In the paper, they achieve the highest accuracy of 74% on the binary classification task with Architecture 3, followed by 72.6% on architecture 2 and 72% on architecture 1 on the separated test set of the news headlines dataset.

5. Zero-Shot Classification

Now, taking the trained model that can compute relatedness score of sentences with labels, the authors tested its generalization capability to unseen datasets and labels.

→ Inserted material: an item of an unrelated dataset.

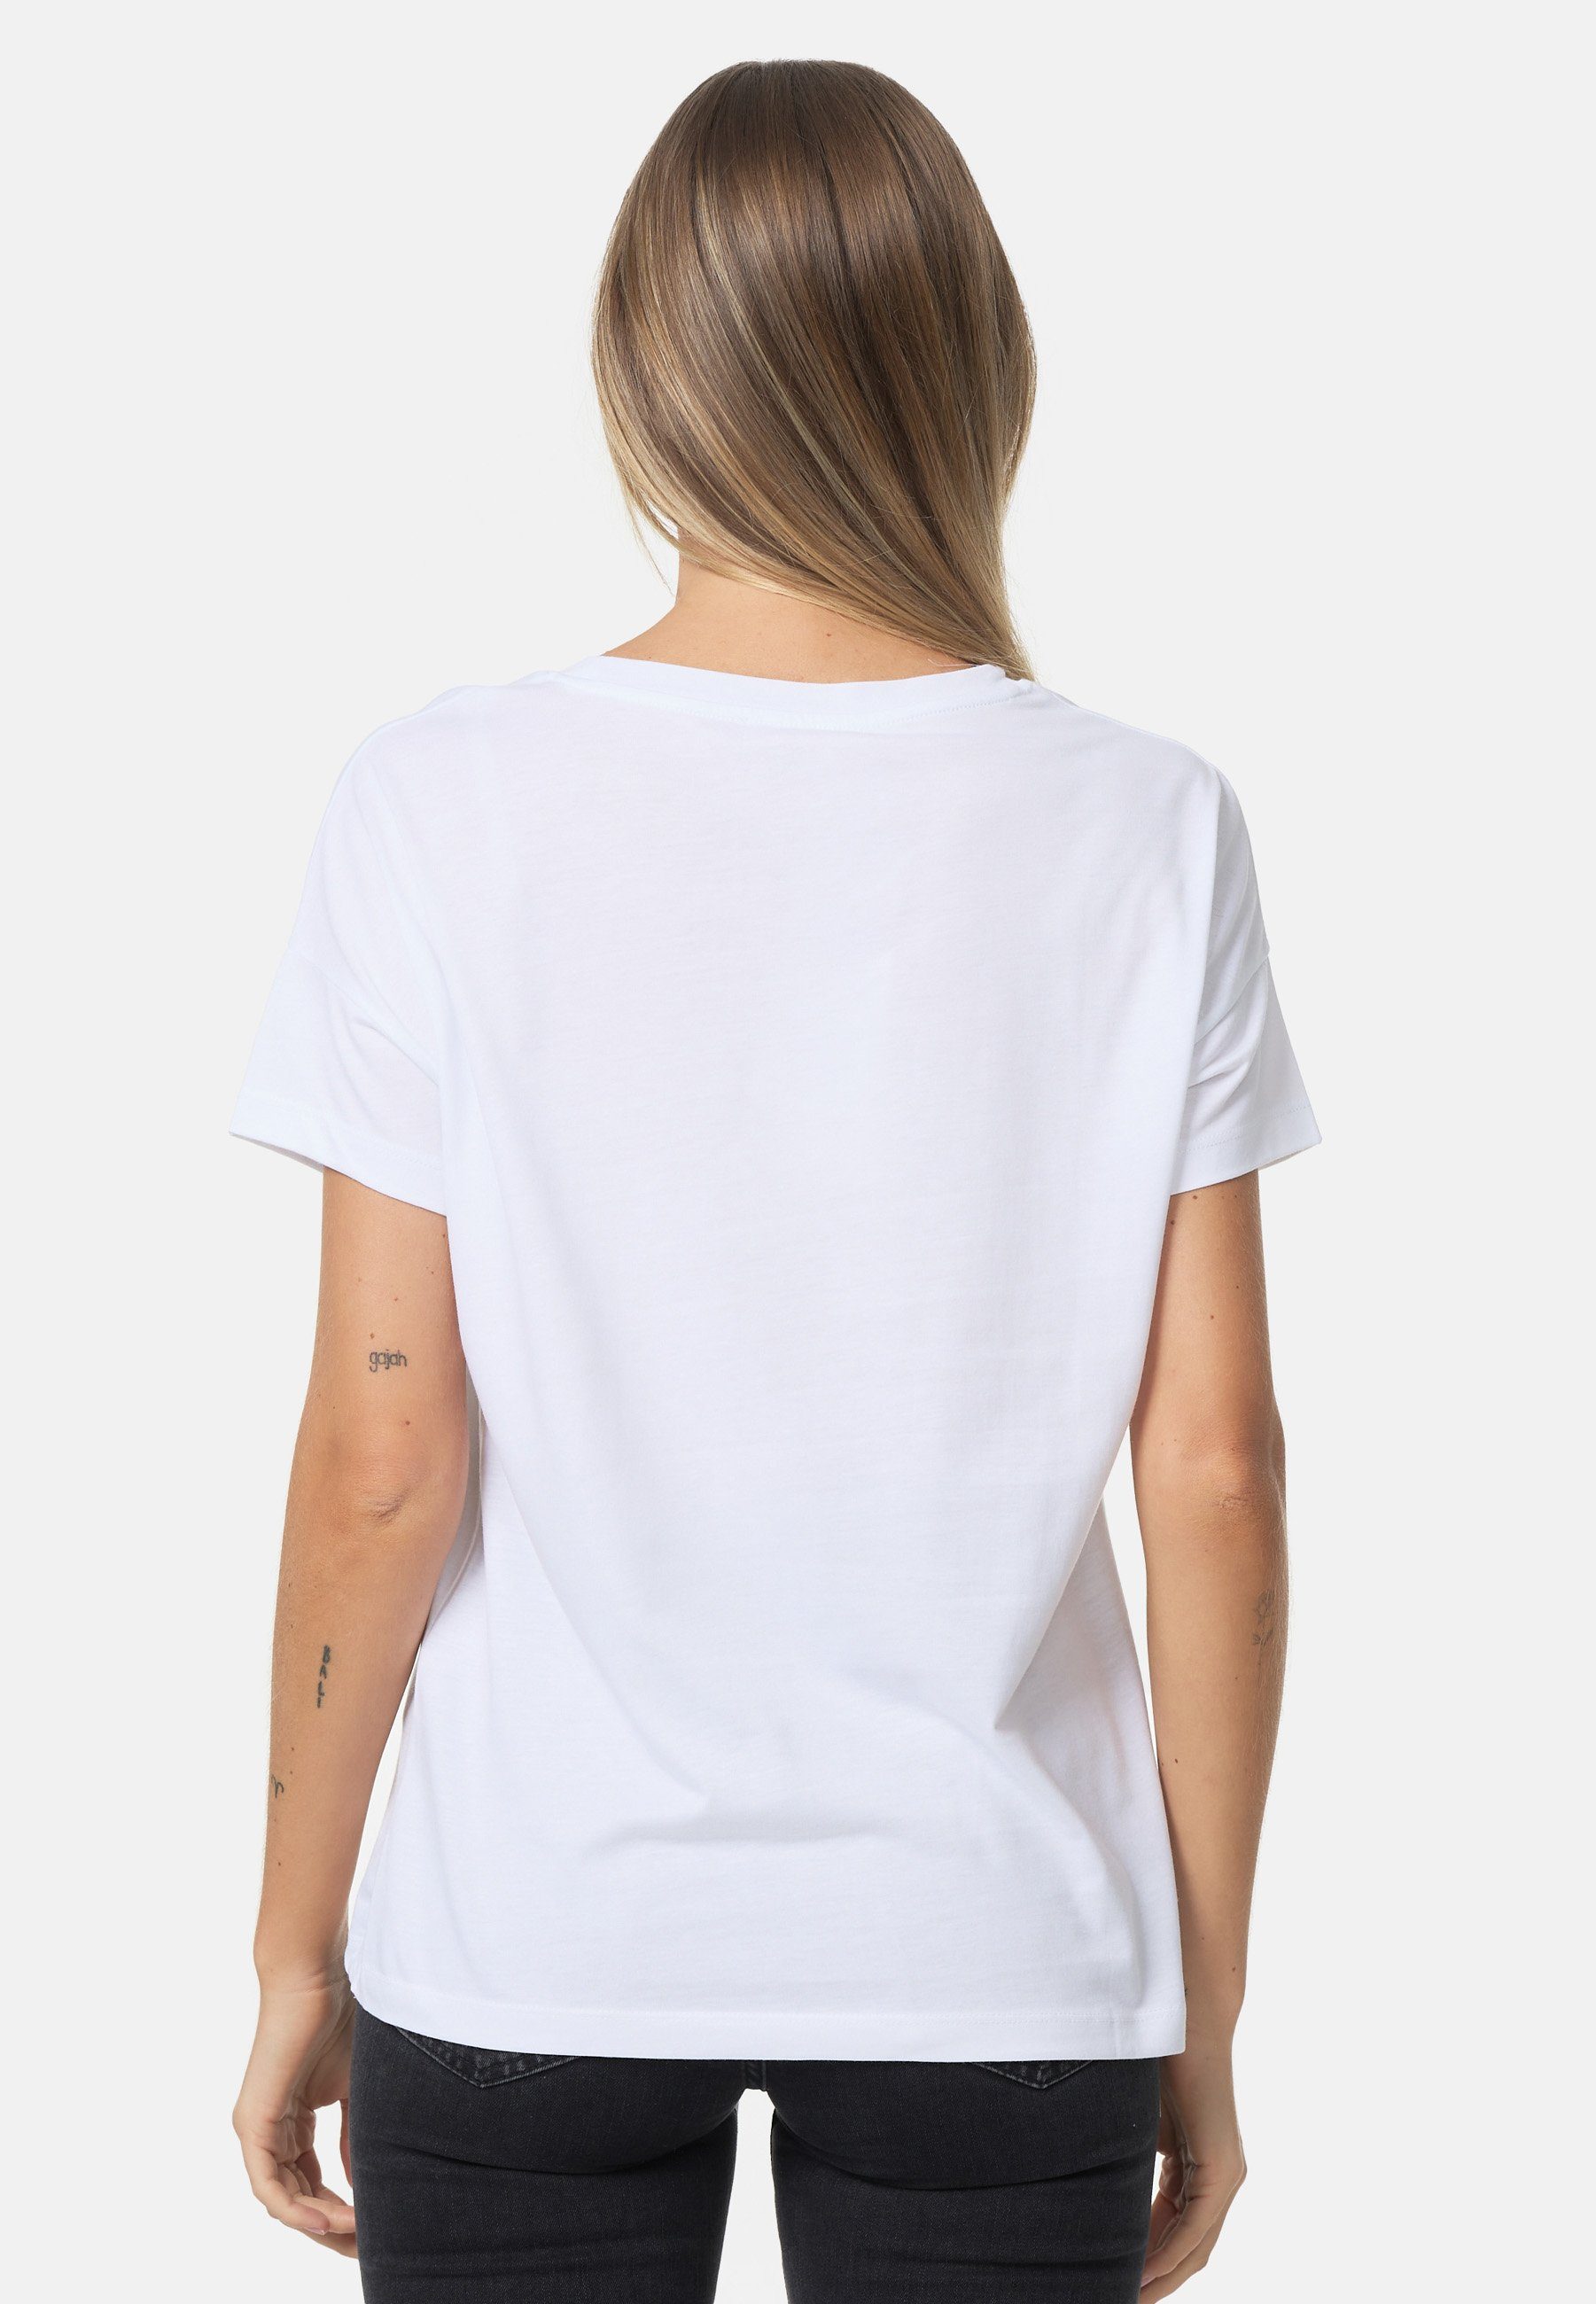 weiß-beige Decay schimmerndem T-Shirt mit Schriftzug

  • The authors tested their model on a hold-out test set containing labels not present during training. They achieve 78%, 76% and 81% accuracy on the binary classification task with architecture 1, 2 and 3 respectively.
  • UCI News Aggregator Dataset:
    In this dataset, there are 420,000 sentences with 4 labels: technology, business, medicine and entertainment. They propose a heuristic called category tree where they expand each label with related words. The process is as follows:
    • Take the unseen labels and add a few words related to this concept. For example, related words for business can be ‘finance’ and ‘revenue’.
      Category Tree of News Aggregator Dataset
    • To predict the class(category) for a sentence, they predict the relatedness of the sentence to related words under that category and take their mean as the final relatedness.
    • The classes which had mean relatedness probability above a threshold are assumed as the predicted classes. This threshold is a hyperparameter and the paper uses 0.5 as the threshold.
      Threshold to asssume label and text are matched

    The authors tested this process on the entire dataset and achieved 61.73%, 63% and 64.21% accuracy. In comparison, the supervised methods achieve 94.75% accuracy. The result is still interesting because without even training on a single sample, it achieves better than random accuracy.

  • Tweet Classification:
    This dataset has 1993 sentences with 6 labels: business, health, politics, sports, technology and entertainment. The authors tested their method over the whole dataset using a threshold of 0.5 and a category tree expansion with 3 related words and achieved 64.5% accuracy with Architecture 3. In comparison, a supervised method such as multinominal naive bayes trained on the whole dataset can get 78% accuracy.


The paper proposes some really simple but clever techniques to learn the relationship between sentences and labels and achieves better than random accuracy on unseen datasets and labels. Since this was proposed in the pre-transformer era, it can be interesting to try these ideas with recent models.